Lee explains that for unauthorised transactions ML models can be trained to recognise suspicious transactions for an online merchant, flagging potentially fraudulent transactions for further investigation, even before a fraud occurs.

In the case of phishing attacks, the most effective way to implement ML is to train the models to identify and flag certain keywords, especially when certain trigger words are grouped together, creating a “text cluster,” which is often an indicator of a scam.

“For identity theft, ML can also be used as a preventative tool by learning to recognise activities that suggest an inauthentic user is posing to be someone they are not,” says Lee.

Similarly, AI can be tailored to help fight fake accounts, but as with any machine learning tool a significant amount of data is required.

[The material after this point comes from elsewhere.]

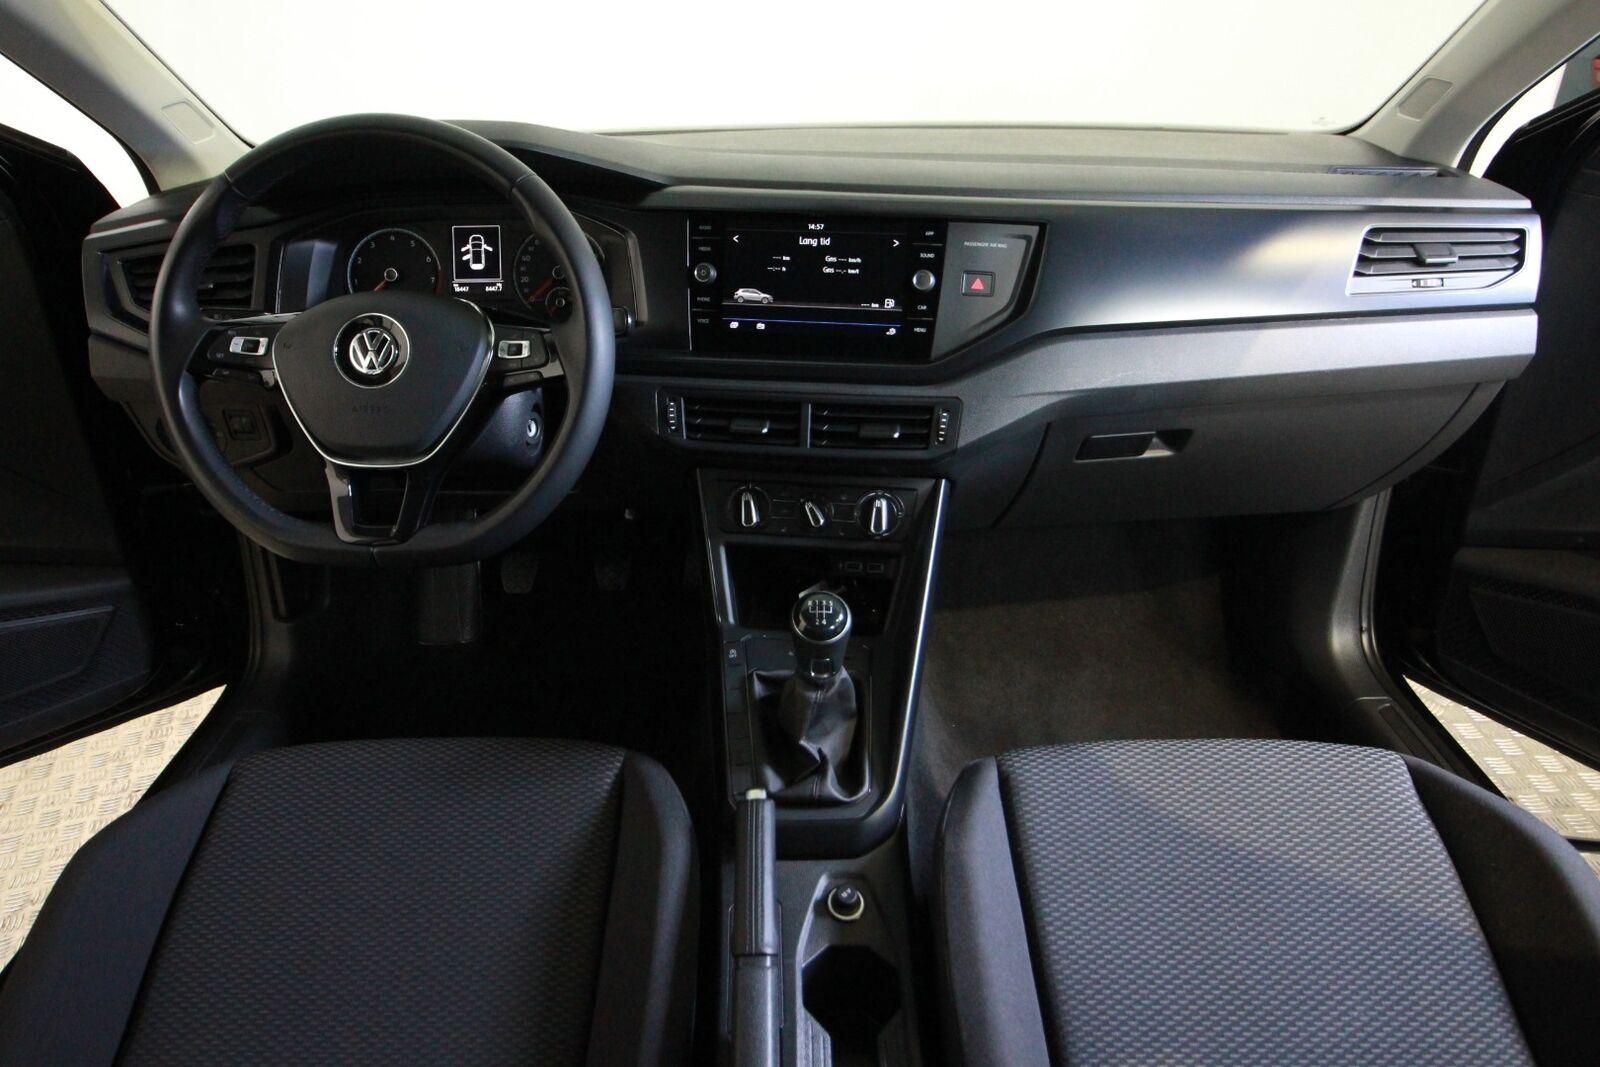 VW Polo MPi 80 Trendline

“In the case of fake accounts, you would need the highest amount of data points you can look at, for example you can examine somebody’s digital footprint such as their email address, phone number, IP address, and score them to assess whether the person is legitimate,” says Tamas Kadar, CEO at Seon.

“We provide a score based on someone’s digital footprint and on how it compares to previous attempts,” adds Kadar. “When there are confirmed cases of fake accounts then you know, these transactions will have a number of data points which will rank up closely to another attempt of new account openings.”

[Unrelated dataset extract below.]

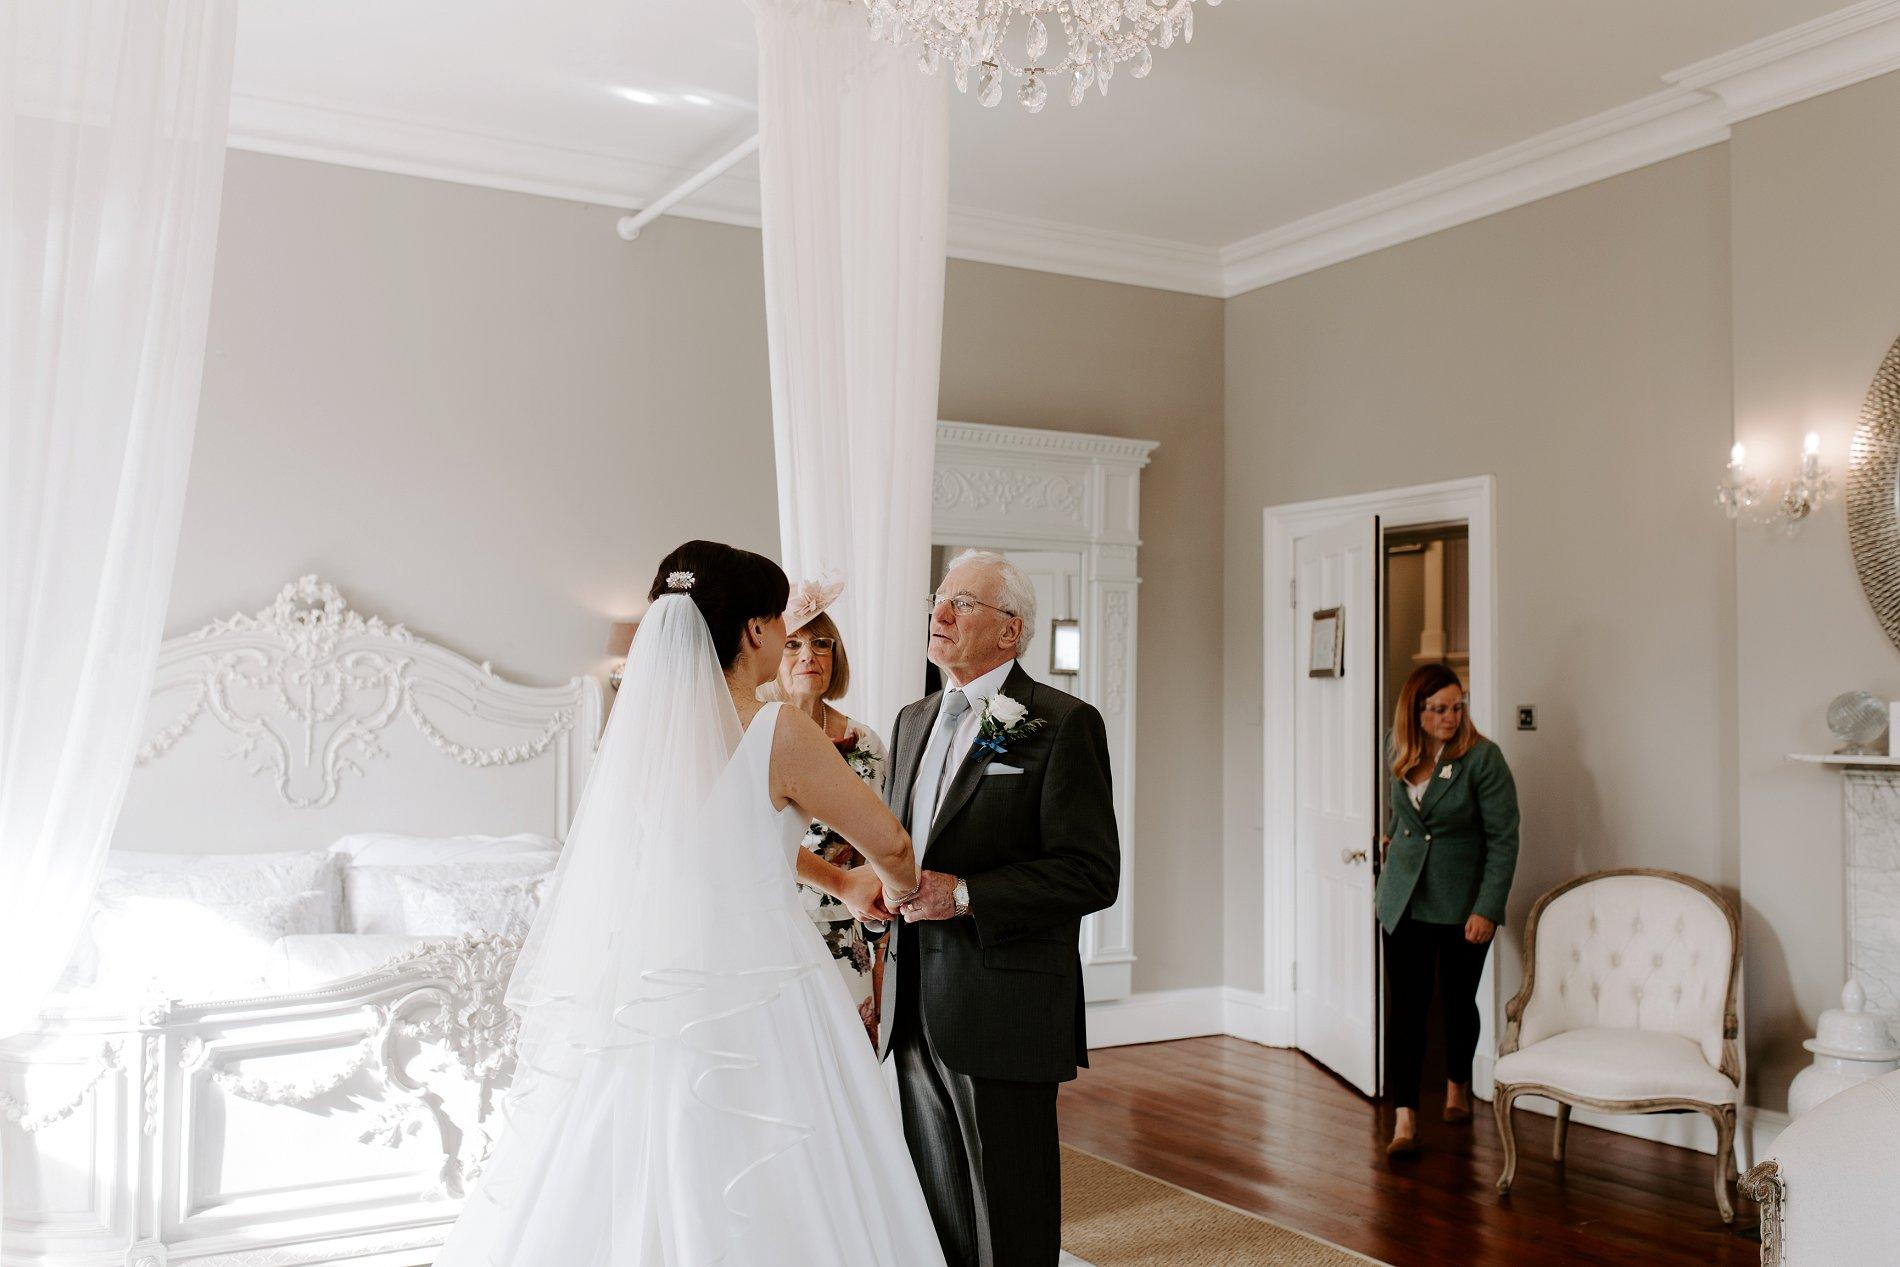 An Elegant White Wedding at Thicket Priory (c) Carla Whittingham Photography (28)

While being unable to detect potential scams can be costly, Roy Waligora, partner and UK head of investigations at KPMG states that identifying false positives is just as harmful.

“We’re using AI to identify red flags and patterns. Where AI comes into it is around handling the volume and essentially training the machine to detect red flags, because one of the overarching themes in analytics is avoiding false positives.

“Having too many false positives is almost as expensive as having the fraud, because it just takes you down different parts in terms of fixing and needing to look at things that don’t need being looked at,” adds Waligora, at KPMG.

He explains that to minimise false positives, AI can form neural networks that are just layers of queries, which can build on top of one another to better review whether a transaction meets a red flag criteria.

AI has helped financial institutions prevent and fight payment fraud, however, there are still gaps in the fight against scams that it has yet addressed.

“Even sophisticated AI-powered fraud prevention tools have struggled to effectively detect and prevent the increase in social engineering scams that impact the fintech space,” says Lee at Sift.

“This is, in part, due to the fact that these types of scams coax legitimate users into unwittingly authorising fund transfers to scammers, evading the traditional signals a fraud prevention system would detect.”

Therefore, it is crucial to also educate customers on fraud prevention tools. Payment firms can carry out education initiatives to ensure that offer guidance and information on the latest tactics that can help people falling victim to scams.